“Wrangling Data”

Riley Boice
2 min readFeb 3, 2021

--

After perusing Journalism Handbook and Source: Cleaner, Smarter Spreadsheets, I was left with more questions than insights — which surprised me because they seem to be written for data beginners.

Both articles presume a certain amount of familiarity with lingo that do not yet have. They also presume a familiarity with the process of gathering, cleaning and using data that if I had, would make these articles quite helpful (I think.)

Some take-aways:

  • A narrow, specific scope will help you to obtain the right data and not leave you with far too much to sort through.
  • However, refraining from narrowing that scope too much will allow you more maneuverability if you realize you need more information which you initially thought would be irrelevant to your question.
  • Asking the right questions of the data supplier will help you to head off confusion as you sort through and clean your data.
  • Structure. is. important. (i.e. readability to other humans is important) → in other words, keep a running diary and updated dictionary so you that you and others can read your work.
  • Decide on a consistent approach to labeling (names, dates and the like)
  • Use dashes instead of spaces when naming things to avoid confusion later on

Questions:

  • What is CSV?
  • What does it mean to filter data?
  • What are the mistakes in either of the examples shown? They are not well explained.
  • What sorts of queries or notes might one put down in their data diary if they’ve never done this before?

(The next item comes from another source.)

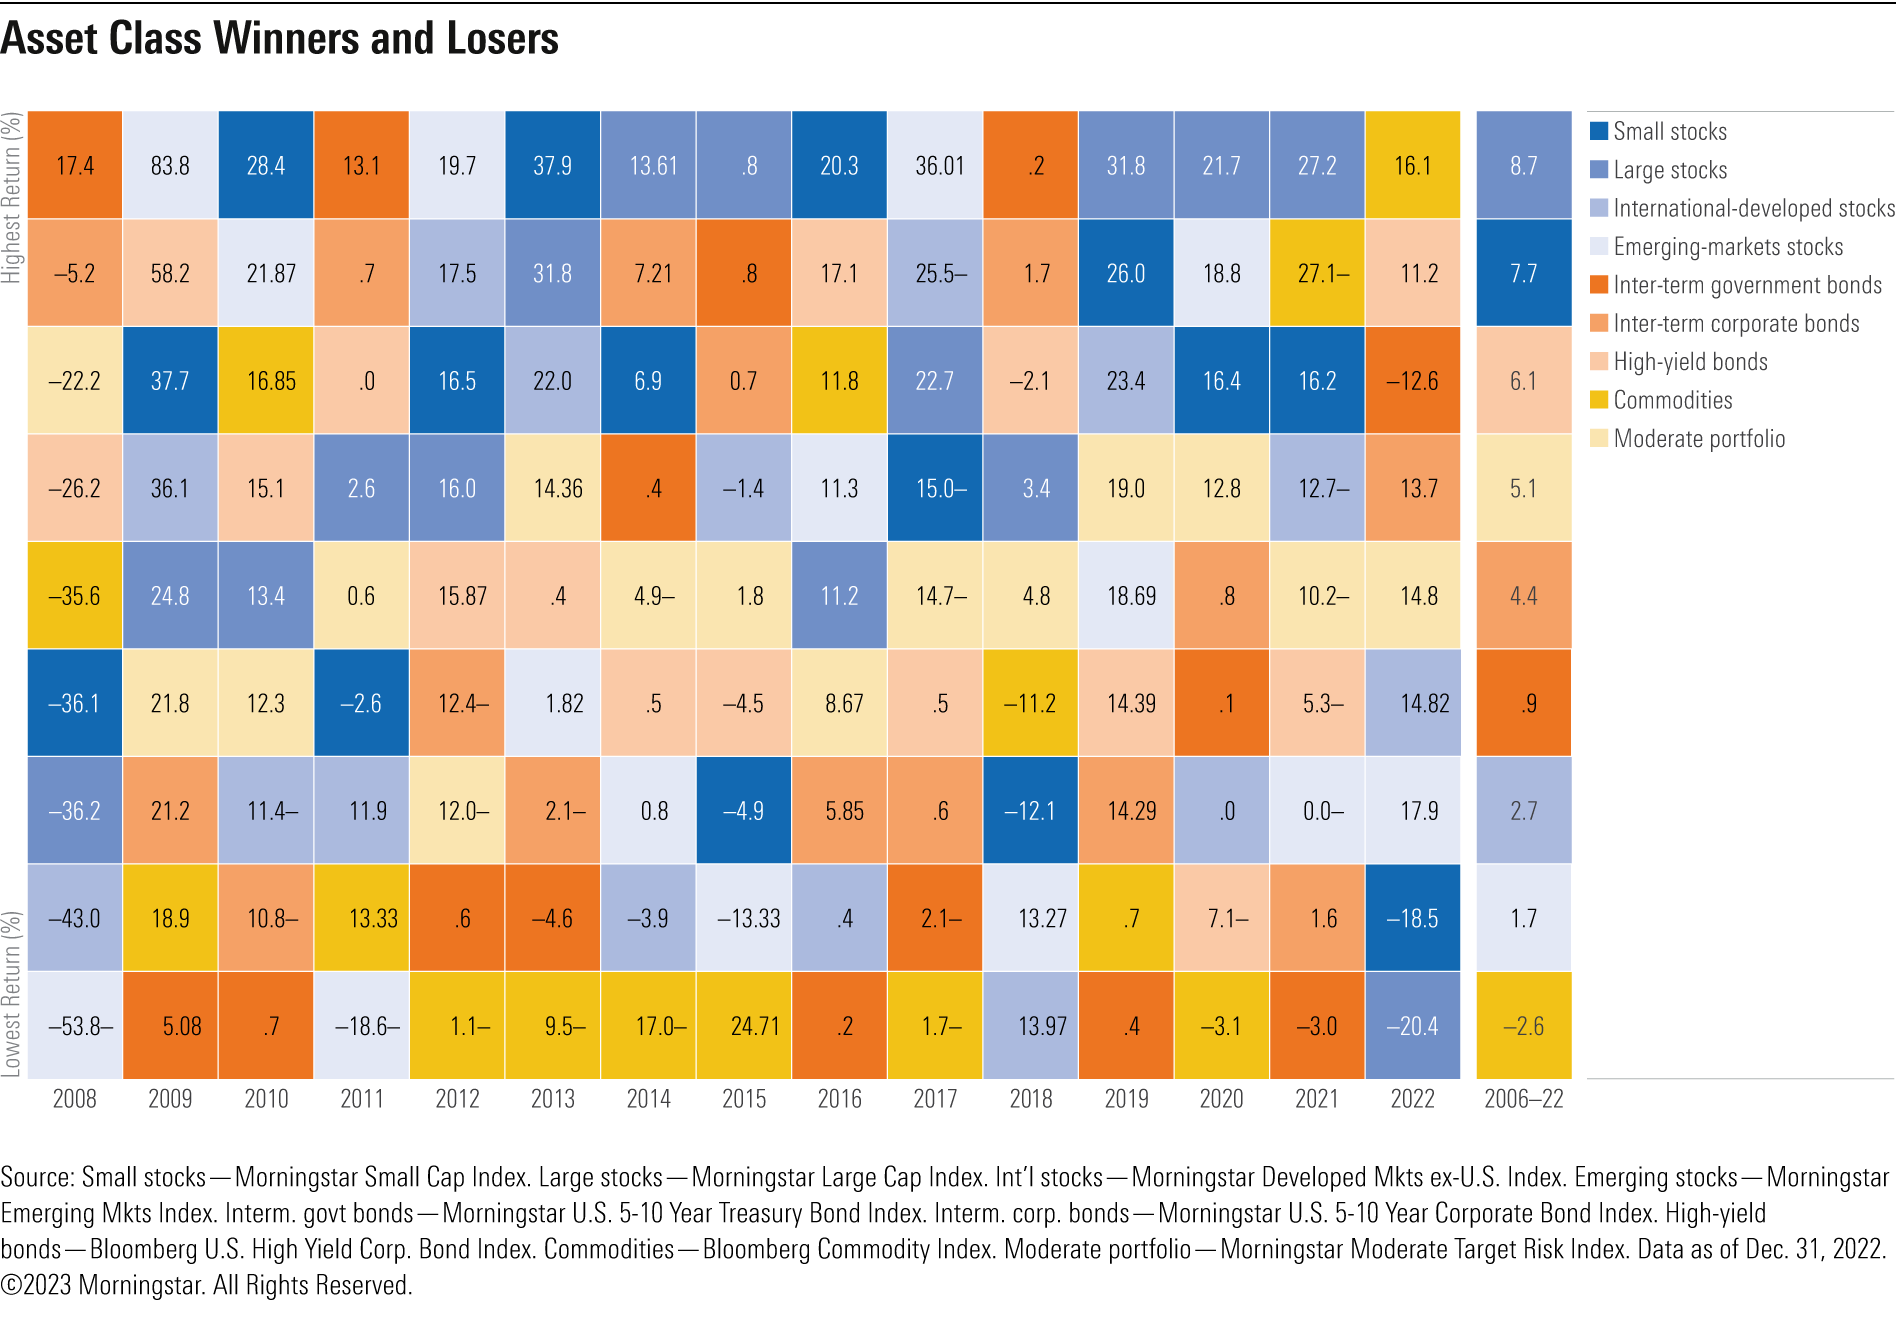 Quilt chart showing the highest and lowest returns of various asset classes between 2008 and 2022.

I chose County Index crime rates and counts by county in New York state.

I opened the data in Excel, and decided to narrow down what I would chart — I chose the six highest rates and six lowest rates and then organized those 12 from highest population to lowest. I could not figure out how to graph these two things on the same chart in a way that conveyed information visually.

I think the problem was how the spread was for population vs crime count, making the crime numbers appear to be zero even though there was a slight change in the line.

So I graphed them separately and overlaid them in my hand drawing. I hope to figure out how to do this on the computer as well.

*I realize the red vs pink doesn’t offer ideal contrast on a screen as it does in person — I will fix this next time

--

--